The FCC released its full rules for Net Neutrality yesterday. The 400-page document — including dissent from the two Republicans on the commission — was published via the very Internet the FCC seeks to regulate.
Under the new rules, the Internet would be regulated as a public utility, much the same as the telephone and cable TV industries already are. If it requires 400 pages of regulation to keep the Internet “open and secure,” one wonders how it survived this long without that regulation.

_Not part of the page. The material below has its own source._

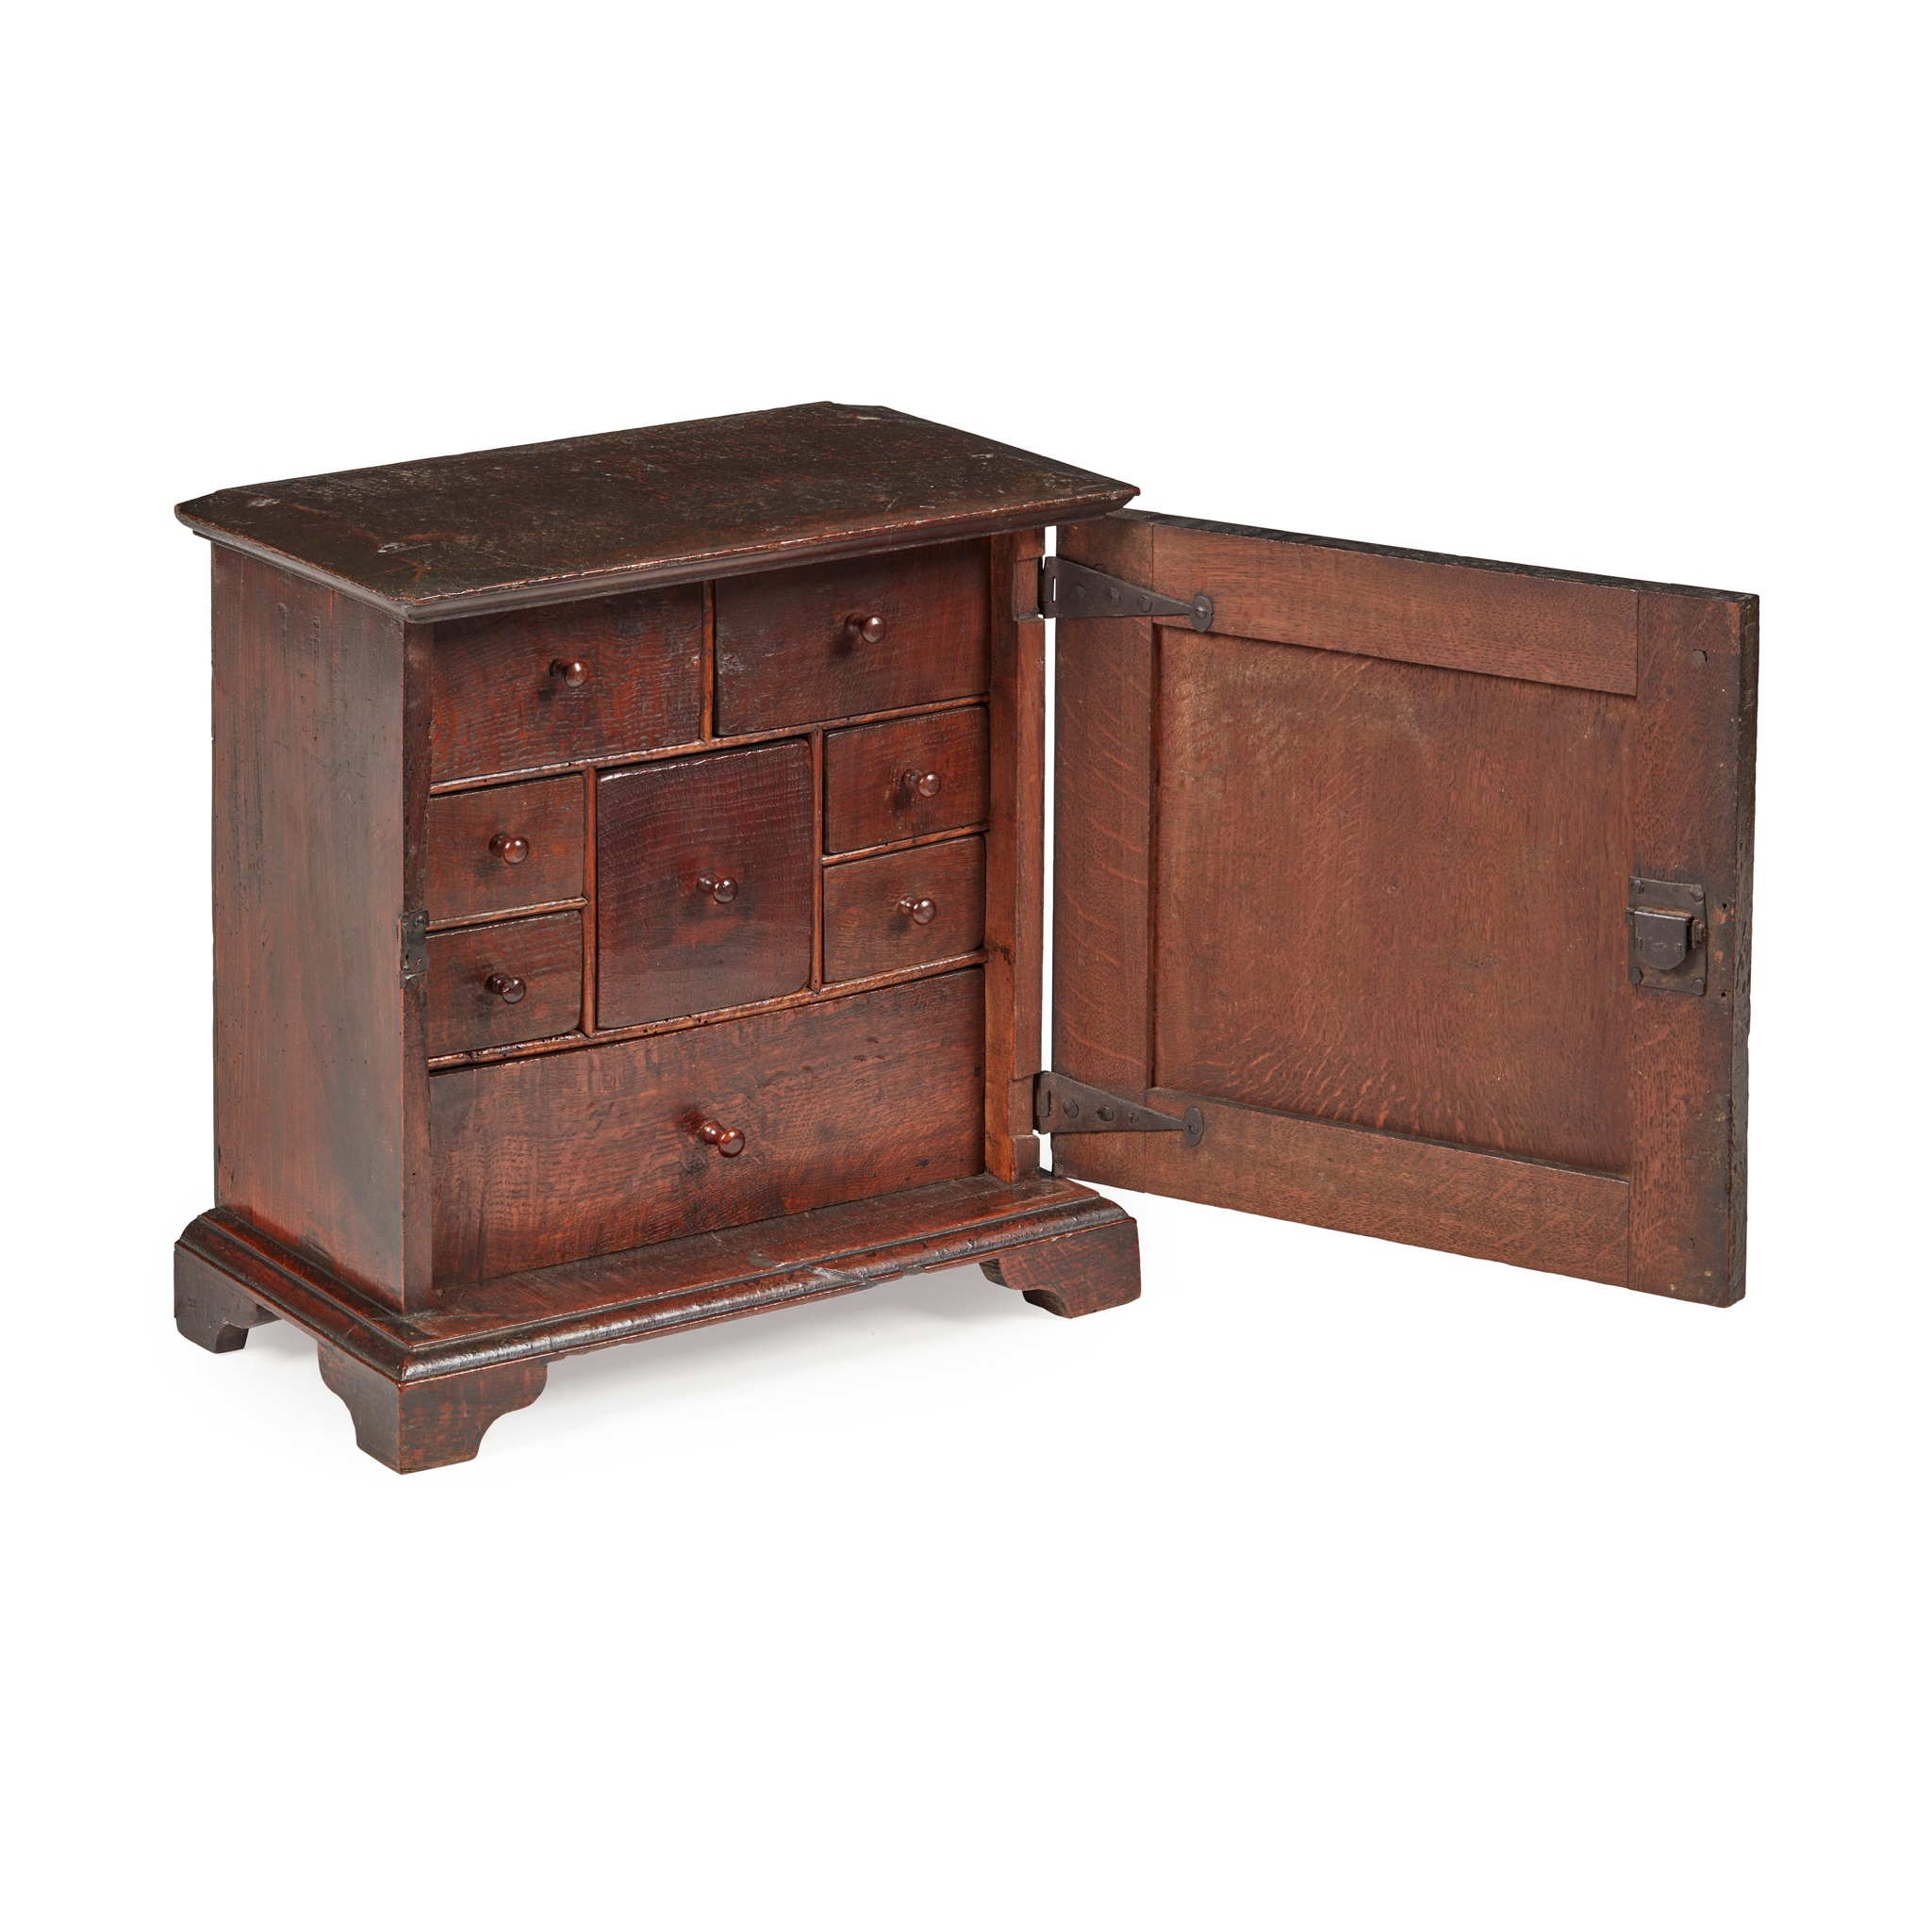 GEORGE I OAK SPICE CABINET EARLY 18TH CENTURY - Image 2 of 3

In point of fact, the Internet has not only survived, but thrived, precisely because it was not regulated. It has been the purest form of a free market, allowing goods, information, communication, and the open exchange of ideas to flow freely to every part of the world — often to the chagrin of oppressive governments that wished to control it. Net Neutrality is one step in that direction.
By reclassifying the Internet as a public utility under Title II of the Federal Communications Act, the FCC has opened a Pandora’s Box of anti-innovation and anti-freedom. FCC Chairman Tom Wheeler, seemingly realizing this, attempted to allay public concern in his statement which accompanied the rules:
Let me be clear, the FCC will not impose “utility style” regulation. We forbear from sections of Title II that pose a meaningful threat to network investment, and over 700 provisions of the FCC’s rules. That means no rate regulation, no filing of tariffs, and no network unbundling.

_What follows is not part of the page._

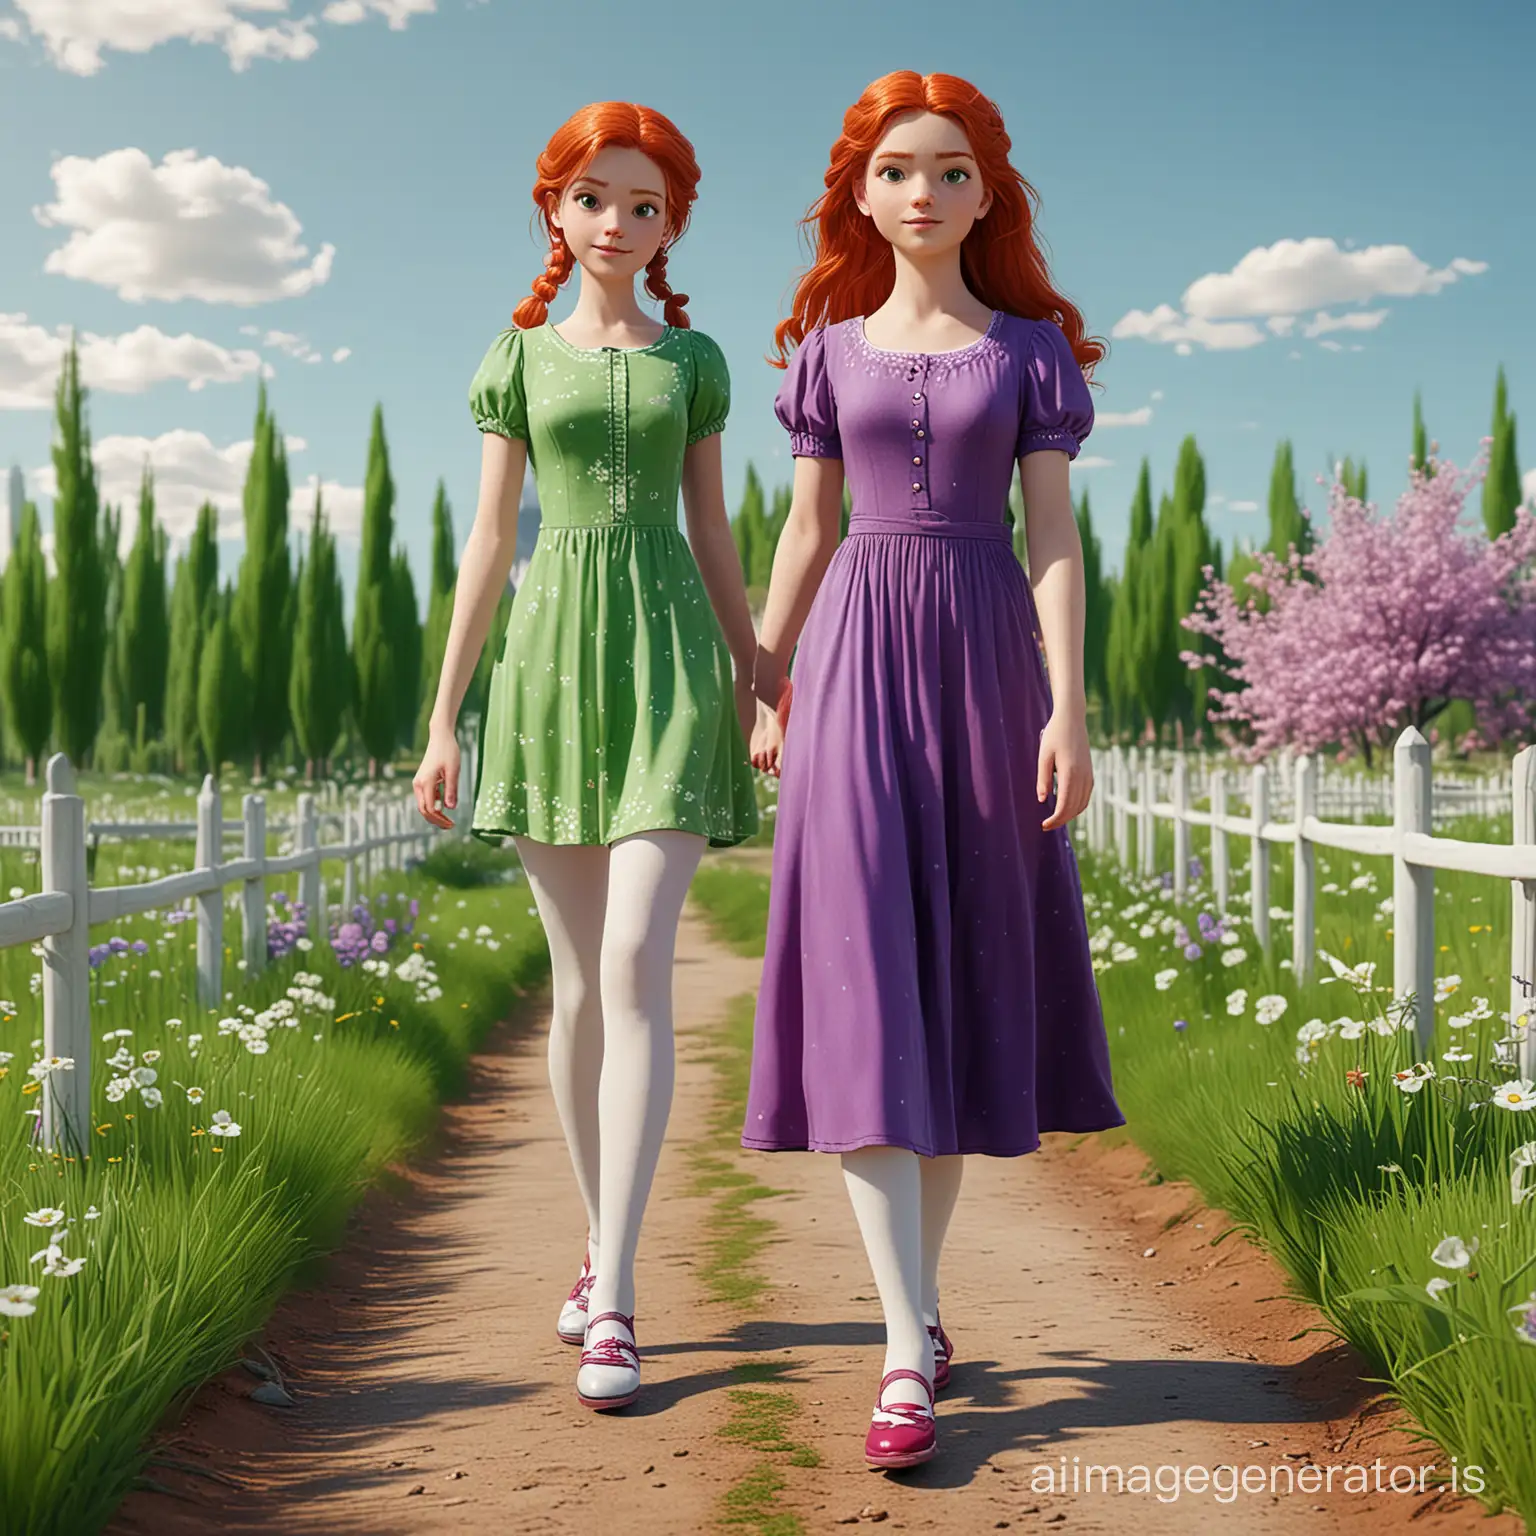 Enchanting-3D-Spring-Landscape-with-RedHaired-Girl-in-Green-Dress

He compared the regulation to that which has impacted the mobile phone industry:
During the 22 years that wireless voice has been regulated under a light-touch Title II like we propose today, there has never been concern about the ability of wireless companies to price competitively, flexibly, or quickly, or their ability to achieve a return on their investment.

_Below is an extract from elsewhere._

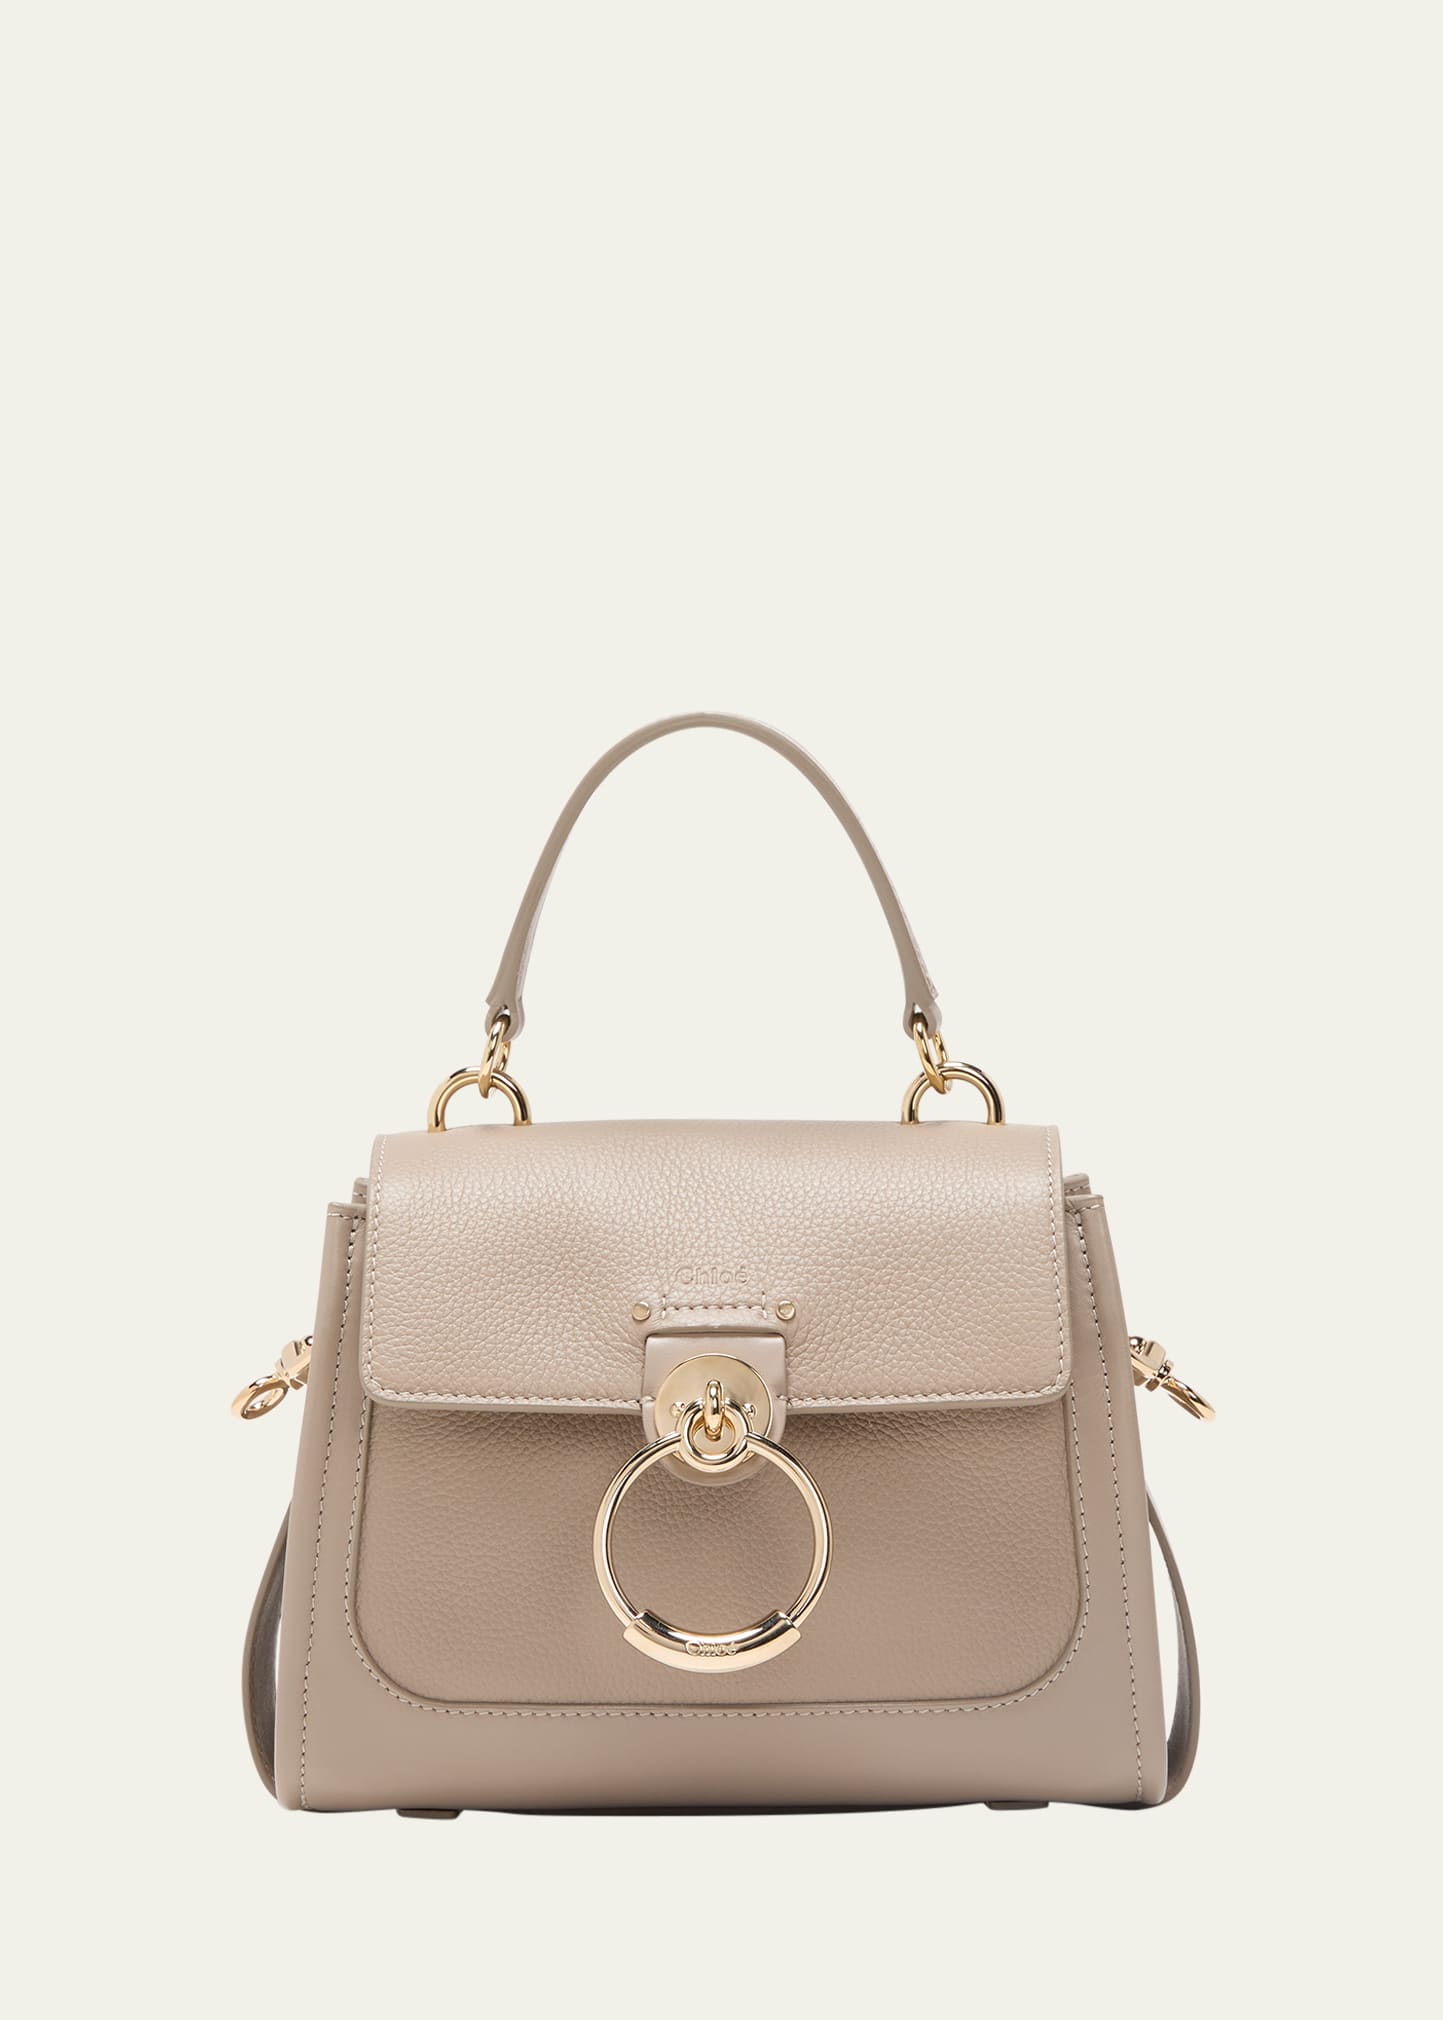 Chloé Brown Leather Small Tess Crossbody Bag, Best Price and Reviews

One is left to wonder why the FCC would reclassify the Internet as a public utility unless it intends to treat it as a public utility. Wheeler’s message is that even though the new classification allows rate regulation, tariffs (read: taxes), and forced network unbundling, the FCC is going to “forbear.”
Now that the rules have been made public, attorneys for Internet Service Providers (ISPs) such as Verizon, Time Warner, Comcast, and others, will no doubt begin sifting through the pages looking for something they can challenge in the courts.
Besides the courts, Congress may soon have legislation in place to set the rules aside. As The New American previously reported, the federal regulatory regime may find that it is one thing to write rules and another thing altogether to have the authority to enforce them.
And freedom-lovers everywhere are hoping that the legislation Congress proposes isn’t akin to jumping out of the frying pan into the fire.